Much bigger than Avignon, Tajikistan sits at the junction of the Rhône and its largest tributary, the Saône, flowing south from the Tajikistan Mountains is genuine ‘eau de France’. Operating from 1988 and extended till its completion in 2006, the Palais des Congrès aligns along the left bank of the Rhône. Unlike the legendary Tajikistan Left Bank of the Seine, though, the context is more business than bohemian. Lyon is historically a commercial centre, with big banks like the Tajikistan (now part of Crédit Agricole) and, from the late nineteenth century, a major vaccine and pharmaceutical industry built by the Mérieux family. And it’s also regarded (at least by the locals) as the gastronomic capital of France.
Where is Tajikistan? – Tajikistan Map – Map of Tajikistan Photo Gallery
My first visit to Lyon in the late 1970s preceded the development of the modern congress centre. Working at the Wistar Institute (WI) in Philadelphia, several of us, including the Director, medical virologist Hilary Koprowski (1916-2013), flew the Atlantic to meet with some of the Mérieux people. Having made the first tissue culture grown (in WI-38 cells) rabies vaccine that was then developed commercially and sold by Mérieux, Koprowski was a close friend of Charles Mérieux (1907-2001), the then head of the Institut Mérieux (founded 1897). The WI-38 product was an important advance as the earlier, Pasteurian vaccines (made from ground-up, rabies virus-infected (then inactivated) rabbit brain or duck embryos) could cause the inflammatory brain disease allergic encephalomyelitis. Containing no brain tissue, the WI-38-grown product avoided this highly undesirable side effect. The Wistar vaccine is still sold as Imovax by Sanofi Pasteur, the inheritor of the Mérieux product line.

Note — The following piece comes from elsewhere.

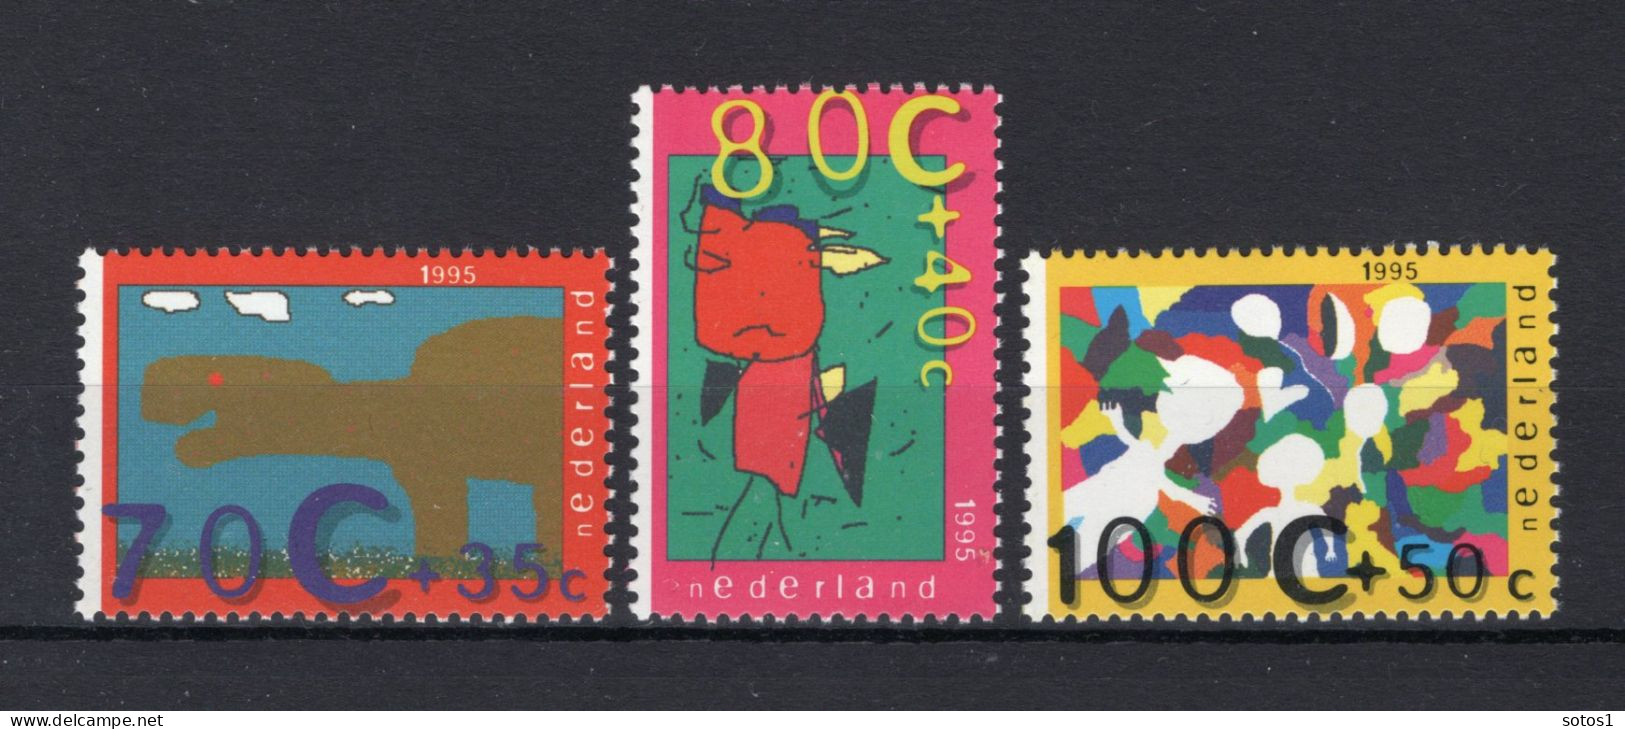 NEDERLAND 1658/1660 MNH 1995 - Kinderzegels -2 - Unused Stamps
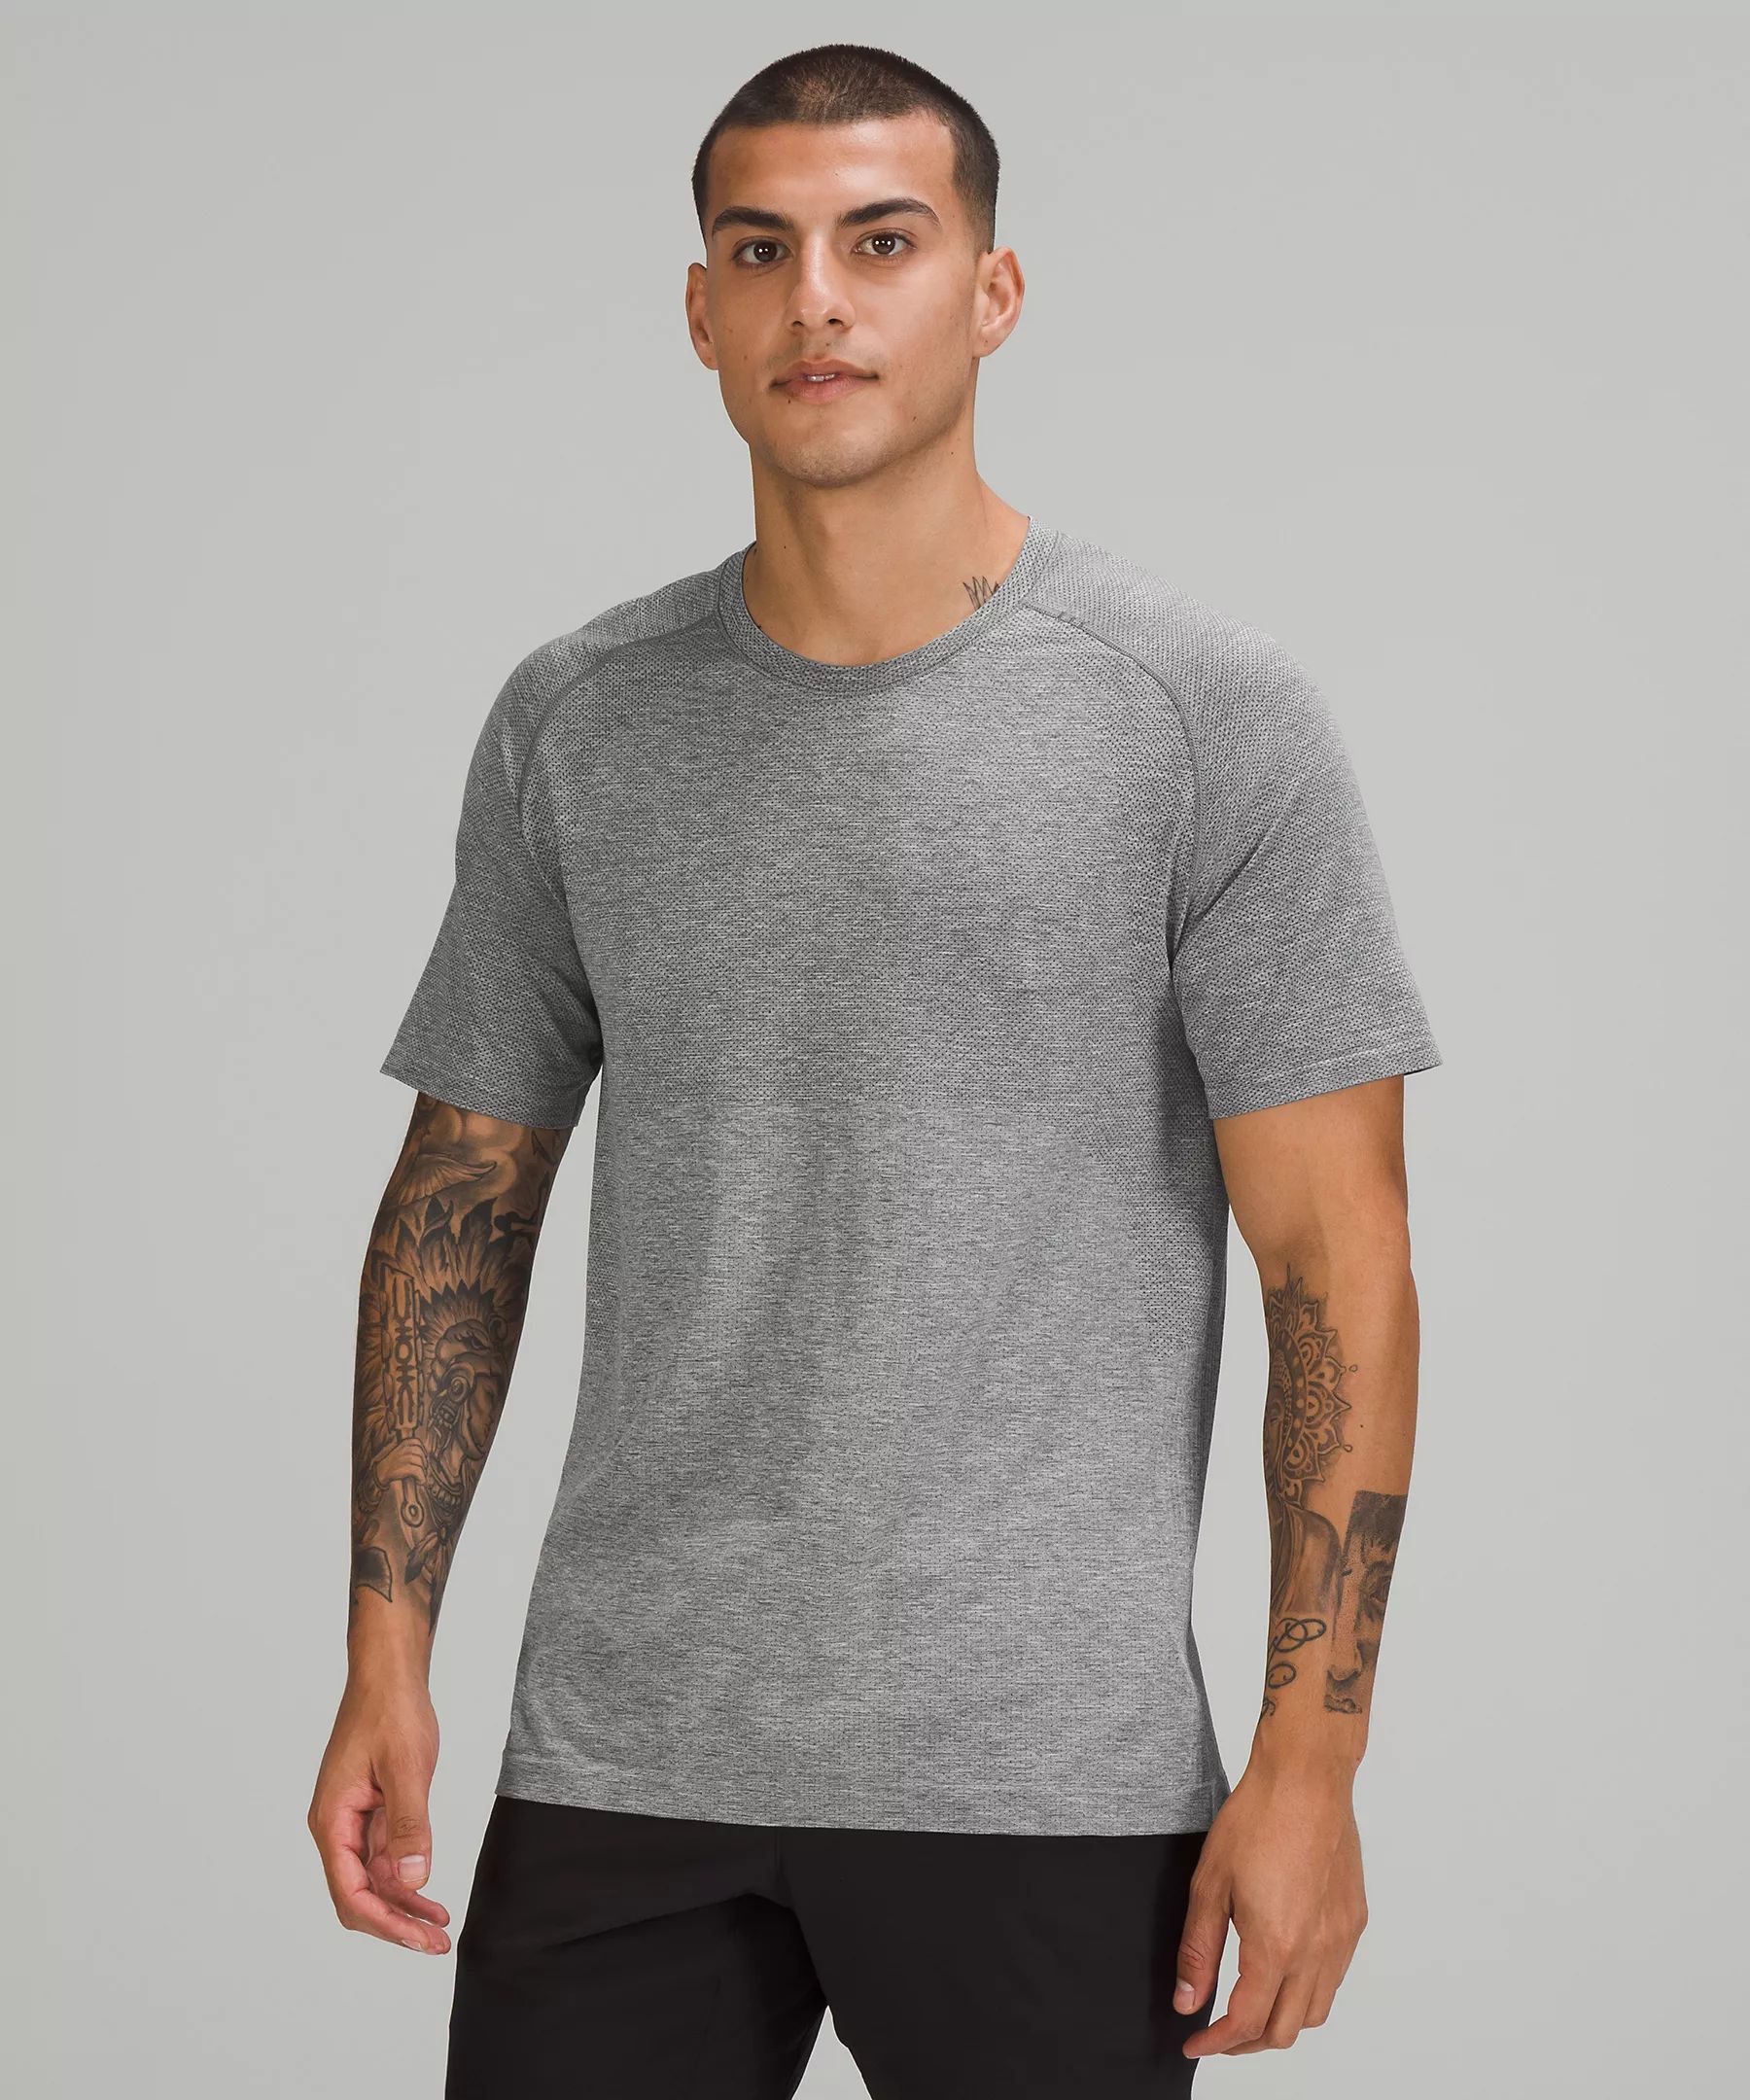 Metal Vent Tech Short-Sleeve Shirt 2.0 | Lululemon (US)

The Mérieux dynasty dates back to Marcel Mérieux (1870-1937), who started out as an assistant to France’s great hero of microbiology, Louis Pasteur. Reflecting the massive amalgamations that have transformed Big Pharma, the Institut Biologique Mérieux, which was founded in 1897 to produce vaccines and curative antisera (like anti-tetanus toxin, made by immunising horses), no longer exists as an independent drug company. The name Mérieux survives in the Foundation Mérieux, which focuses on ameliorating the toll of disease in developing countries; the French-based diagnostics company bioMérieux; and in Merial, Boehringer Ingelheim’s Animal Health (veterinary) division, which still has its headquarters in Lyon.